“The powerful men of the 21st century are a global phenomenon that comes in many shapes and forms,” write Ulrich Breukling, Dorna Savayan, and Nikola Spakovsky in their introduction to the issue. Middle Way 36 On a very familiar figure in our time.
Political strongmen may be charismatic, democratically elected leaders of populist movements and parties, and if they do not succeed in disrupting the opposition through electoral manipulation or constitutional amendments (Erdogan), they will be voted out again (Trump, Bolsonaro). But they may also be rulers in authoritarian (Putin) or one-party (Xi) regimes.
“Even if they do not all display the same characteristics to the same degree, what unites them is a disruptive style of politics that upsets historically formed alliances, that breaks existing routines of self-representation and political habits, as well as sowing seeds of mistrust in state institutions. Powerful politicians represent a diagnosis distinct to the political sphere, which is given a heroic tone. The transgressive violation of norms belongs to their repertoire as much as the polarization of sociopolitical discourse and the narrowing of political processes to a single decision-maker. They depict a hostile world full of enemies, where only those who master all the tricks and follow Their interests are merciless. With few exceptions like Marine Le Pen or Giorgia Meloni, powerful politicians are in fact men. They leave no doubt about this fact and practice an aggressively sexual masculinity with misogynistic and homophobic elements.
Cultural sociologist Brookling describes powerful men as “personal points of fusion of social energies,” and traces the profile of male politicians by studying their networks of relationships. Referring to Paul DiMaggio and Walter Powell's concept of mimetic sameness, Brookling understands the mutual imitation that constitutes this global social character in terms of copying a successful political model.

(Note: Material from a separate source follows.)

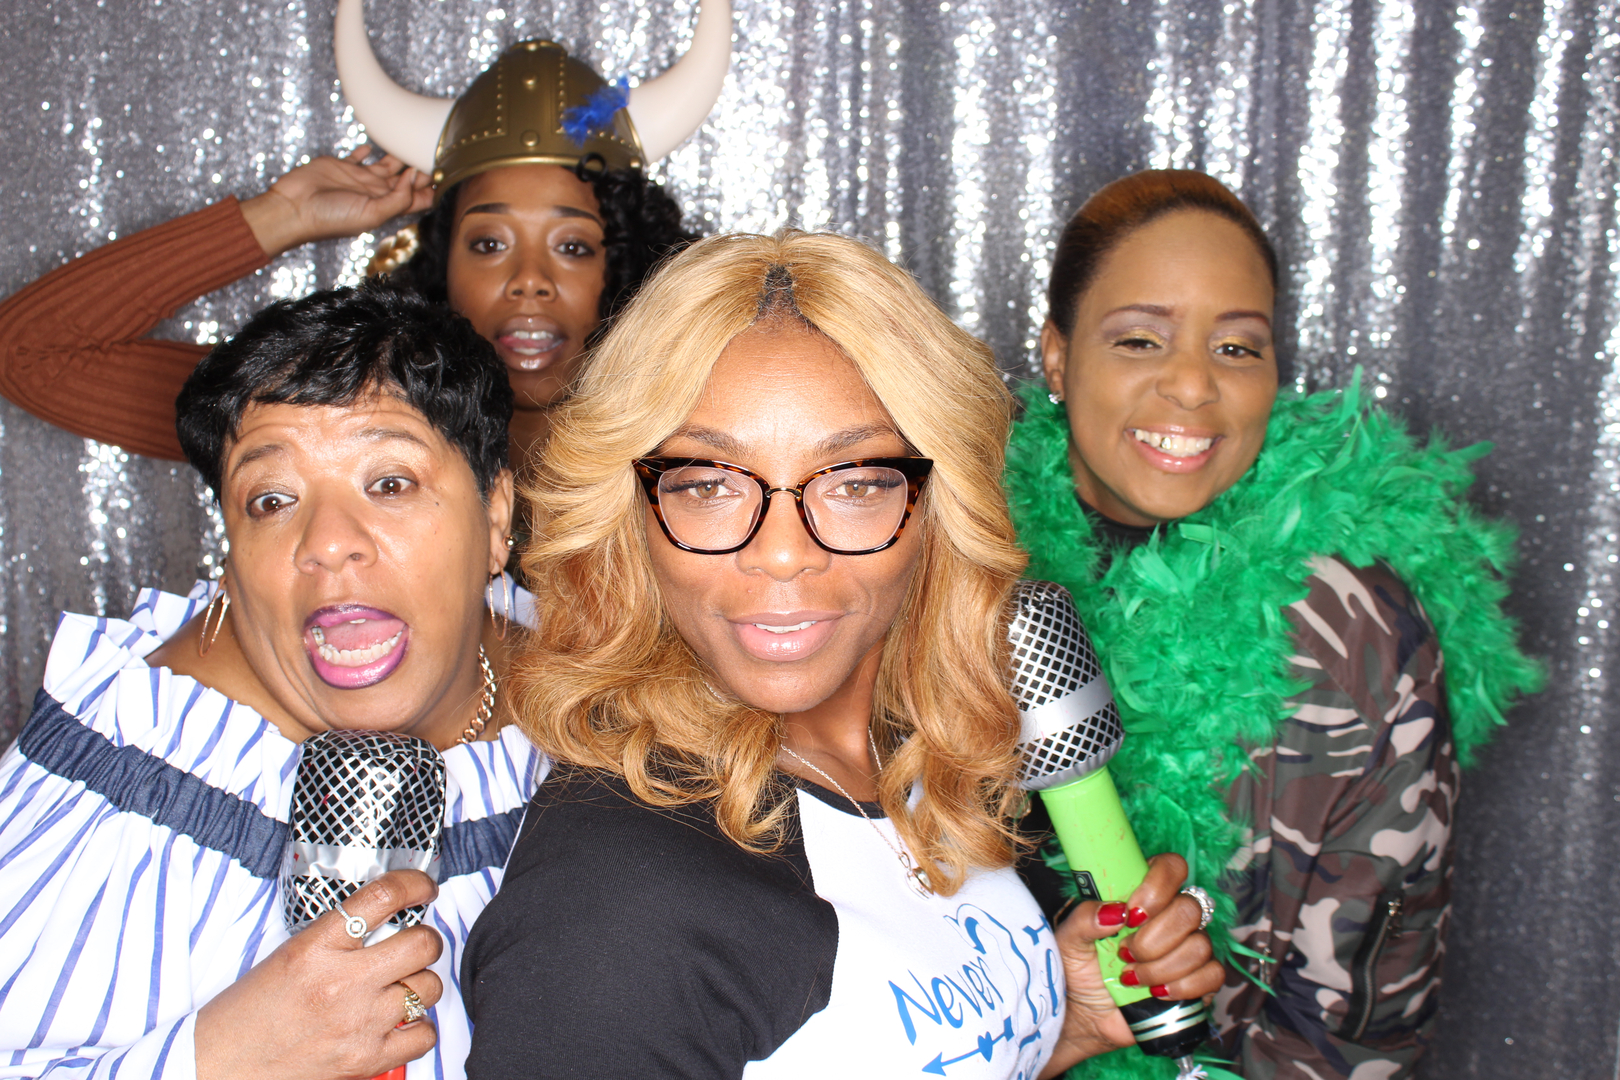 Atlanta Photo Booth Rental for Weddings, Proms, Sweet 16s

Strongmen, including aspirants, “keep a close eye on each other, asking propaganda and fabrication specialists to analyze which topics and media appearances, which techniques of mobilization and repression, which transgressions they can adopt…And most of all, they like to imitate transgressive moments, and what they are called A spiral of extremism in order to attract public attention.
Putin's prospects
Political scientist Fabian Burckhardt describes how Russia's democratic institutions have been replaced by Putin's personal networks. To the extent that he was able to order the attack on Ukraine without any internal resistance, Putin has proven his strength. But the concentration of power that underpins this power goes hand in hand with weak government and an irregular decision-making process. The war did not go as planned and revealed weaknesses in the Russian system.
However, there are no signs of Putin's authority being eroded. Even defeat in Ukraine may not necessarily damage him, as is generally assumed. Research based on previous examples shows that autocrats are very likely to remain in power after military defeat. Given the potential for nuclear escalation if the United States or NATO attempts regime change, the chances of Putin remaining in power are high regardless of the outcome of the war, Burkhart says.
Reasons why
Xi Jinping's rule in China is an example of the personalization of the one-party system, writes China scholar Nikola Spakovsky. Xi's self-presentation fits with the image of the nation, which occupies an increasingly important role in the regime's claim to legitimacy. Drawing on Confucian and Social Darwinist traditions, Xi plays the role of a paternalistic leader and representative of the “strong nation.” But despite the Russian leader's many admirers in China, Xi does not embrace Putin's hyper-masculine style, which would undermine his win-win diplomacy around the world.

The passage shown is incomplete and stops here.